问题
When trying to compose a function from smaller ones using Rob Hyndman's forecast library, like so:
> library('forecast')
> arf <- function(data, ...) forecast(ar(data, order.max=1, method="ols"), ...)
I get an error when trying to plug in some data:
> arf(ts(1:100, start=c(2000,1), frequency=4))
Error in ts(x, frequency = 1, start = 1) : object is not a matrix
However, using the body of arf directly works perfectly:
> forecast(ar(ts(1:100, start=c(2000,1), frequency=4), order.max=1,method="ols"))
Point Forecast Lo 80 Hi 80 Lo 95 Hi 95
2025 Q1 101 101 101 101 101
2025 Q2 102 102 102 102 102
2025 Q3 103 103 103 103 103
2025 Q4 104 104 104 104 104
2026 Q1 105 105 105 105 105
2026 Q2 106 106 106 106 106
2026 Q3 107 107 107 107 107
2026 Q4 108 108 108 108 108
2027 Q1 109 109 109 109 109
2027 Q2 110 110 110 110 110
Why does arf not work as it should?
回答1:
This is a problem (not really a bug) in forecast.ar(). All forecast.xxx() functions try to store the data used to estimate the time series model as it is required for plots and accuracy calculations. However, ar() does not return the data, so forecast.ar() attempts to find the data in the calling environment, or in the parent environment. When you call forecast(ar(...)) directly, the function manages to find the data, but arf() places the call to ar() one level deeper making it that much harder for forecast to figure out what data was being used.

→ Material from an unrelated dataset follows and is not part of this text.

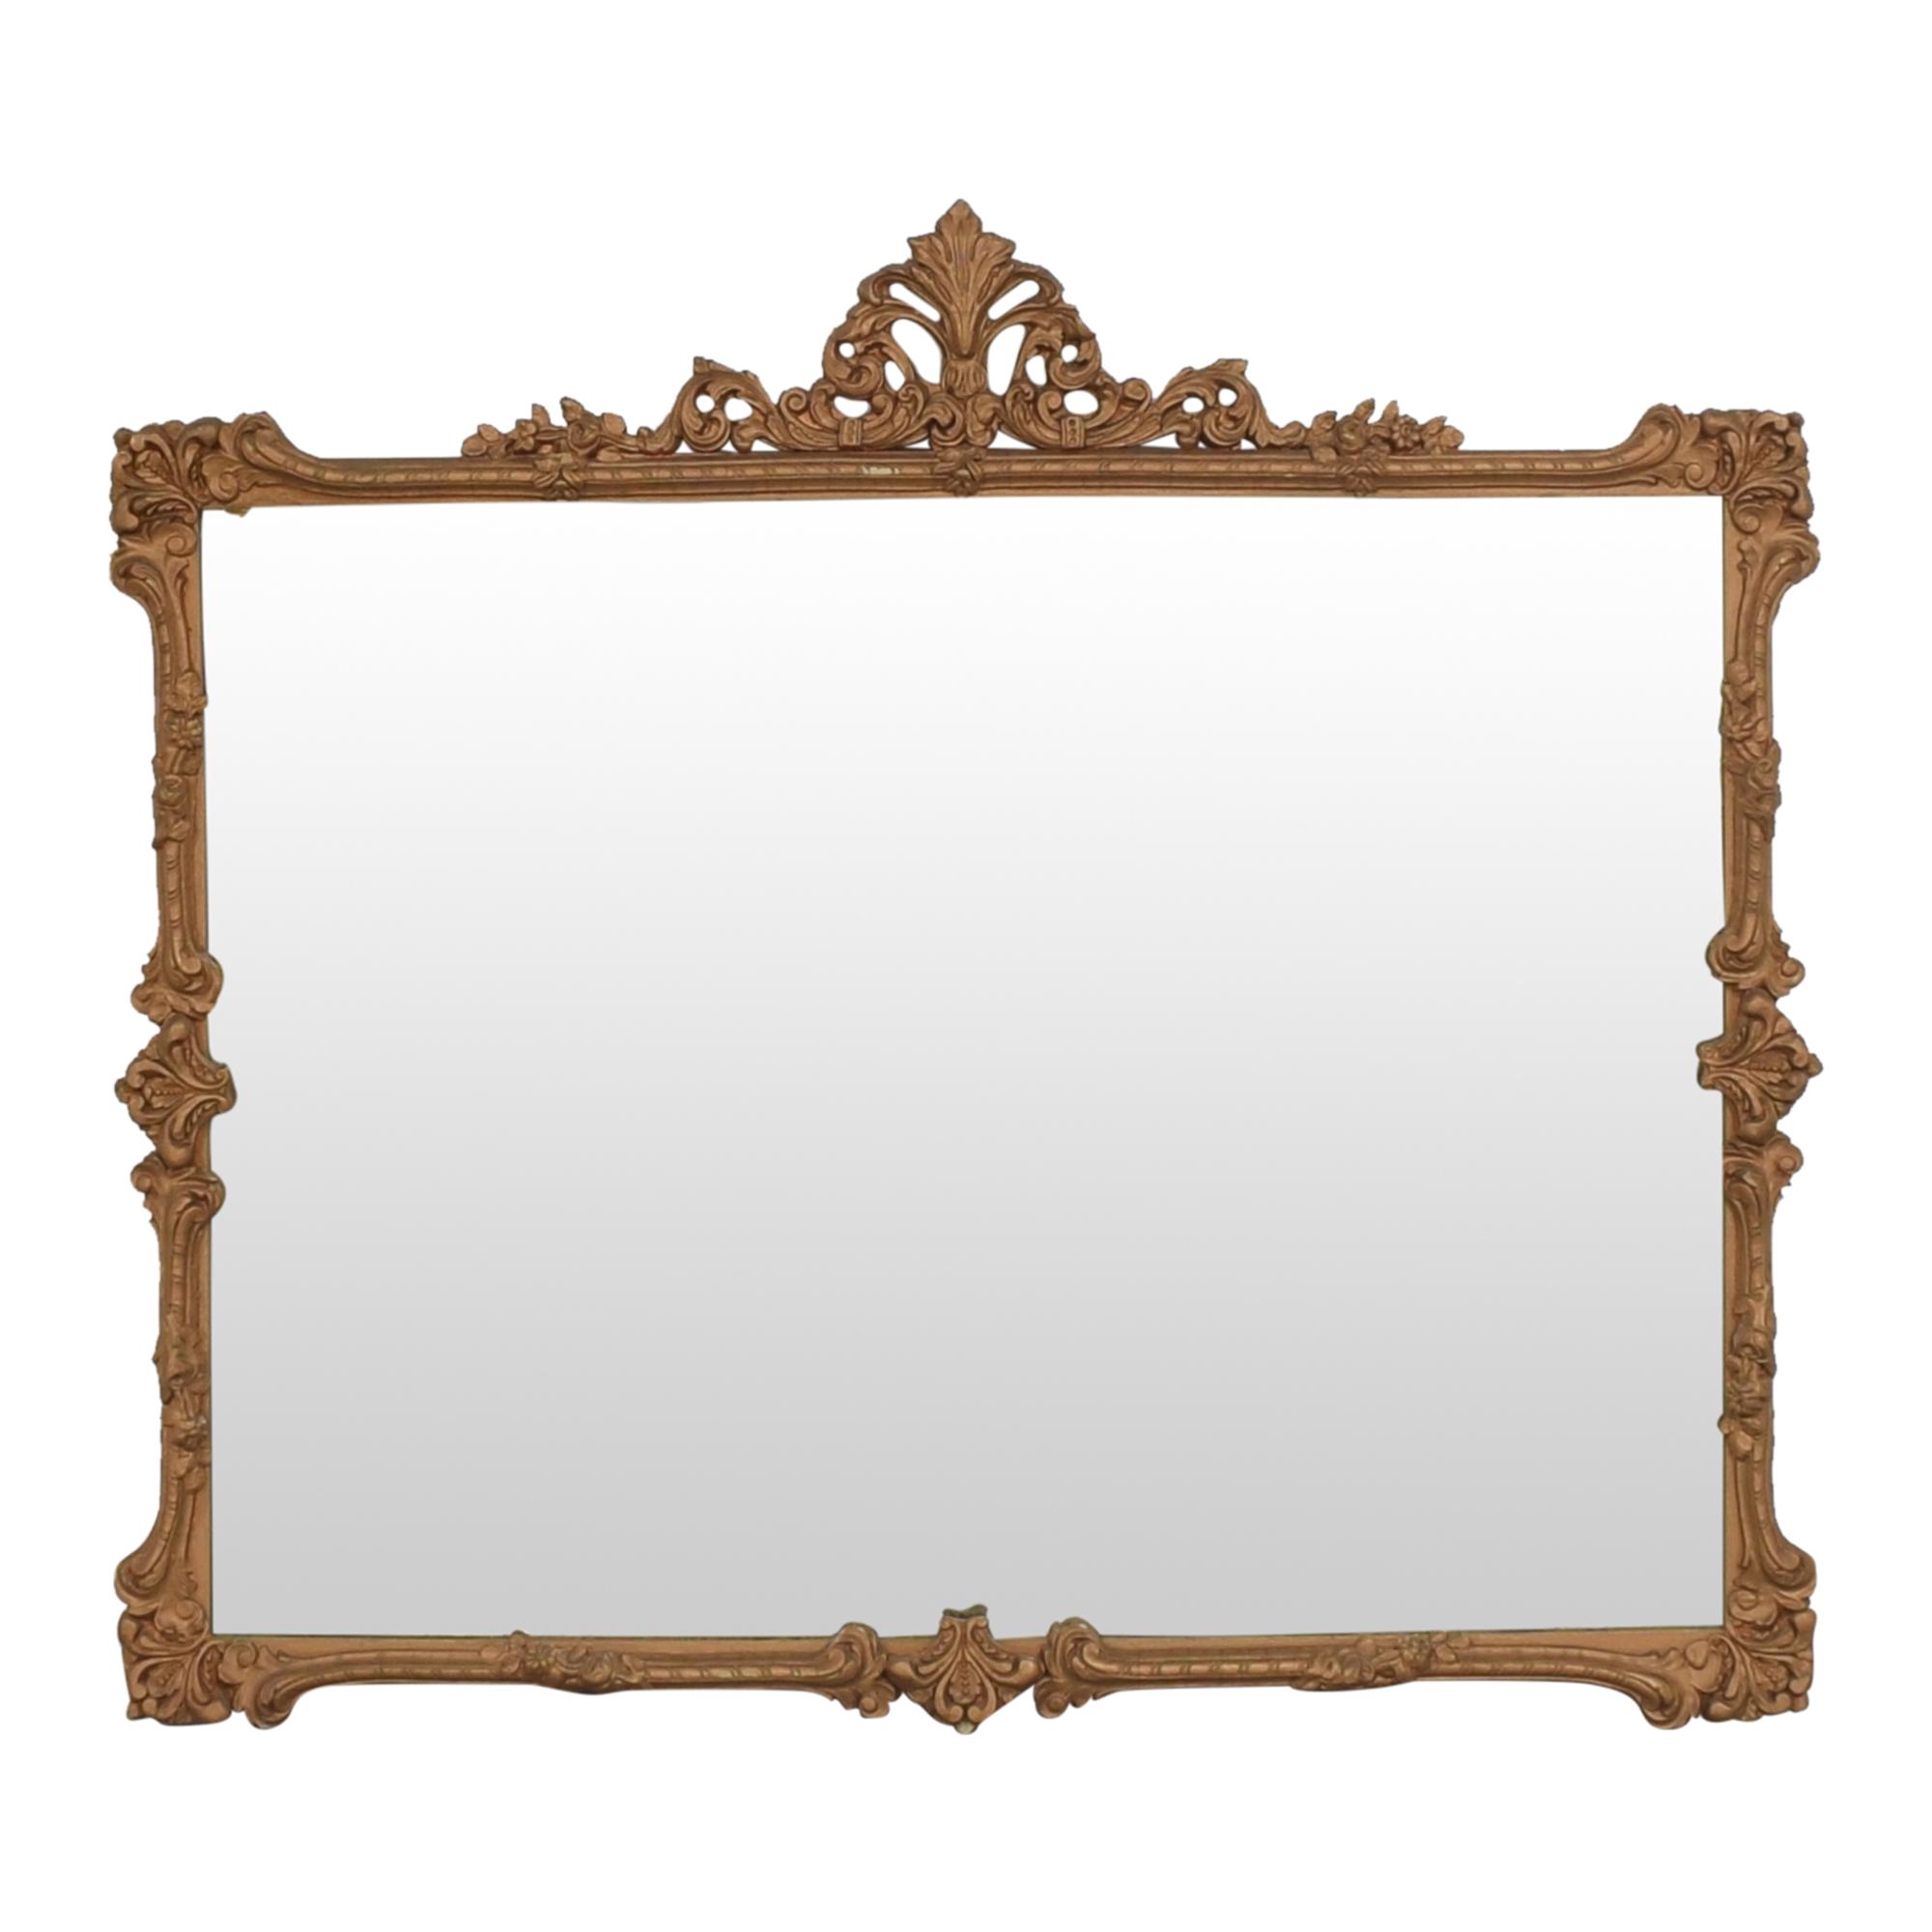 Antique Ornate Frame Mirror

I can modify the function to make it look harder for the data (i.e., look in the grandparent environment also), but the construction will still fail because predict.ar() (part of the stats package) will then cause a similar error. It would be much better if ar() returned the data, but ar() is part of the stats package and I have no control over it.
There are several possible solutions.
You could replace
arwithArima:arf <- function(dat, ...) forecast(Arima(dat, order=c(1,0,0)), ...)That should return the same model if the data are stationary (although the parameter estimates will be slightly different). It won't return the same answer for the example in your question because the time series is non-stationary.
You could use
auto.arima()instead if you were willing to use more general ARIMA models than AR(1).arf <- function(dat, ...) forecast(auto.arima(dat, ...)(Based on a suggestion from @agstudy). A workaround is to ensure the data is stored within the
arobject:arf <- function(dat, ...) { object <- ar(dat, order.max=1, method="ols") object$x <- dat forecast(object,...) }
回答2:
the problem is a bug in the S3 method predict for ar class. predict.ar try to evaluate the newdata parameter using ar object. Showing the first lines of getS3method('predict','ar')
function (object, newdata, n.ahead = 1L, se.fit = TRUE, ...)
{
if (n.ahead < 1L)
stop("'n.ahead' must be at least 1")
if (missing(newdata)) {
newdata <- eval.parent(parse(text = object$series))
if (!is.null(nas <- object$call$na.action))
newdata <- eval.parent(call(nas, newdata))
}
.....
}
the relevant/bugged line is:
newdata <- eval.parent(parse(text = object$series))
But object$series don't have the right expression/character. since it is hidden by the new level of wrapper function arf. Here a workaround, is to set the right expression for this term:
arf <- function(dat, ...)
{
object <- ar(dat, order.max=1, method="ols")
object$series <- as.character(as.expression(as.list(match.call())$dat))
forecast(object,...)
}
arf( ts(1:100, start=c(2000,1), frequency=4)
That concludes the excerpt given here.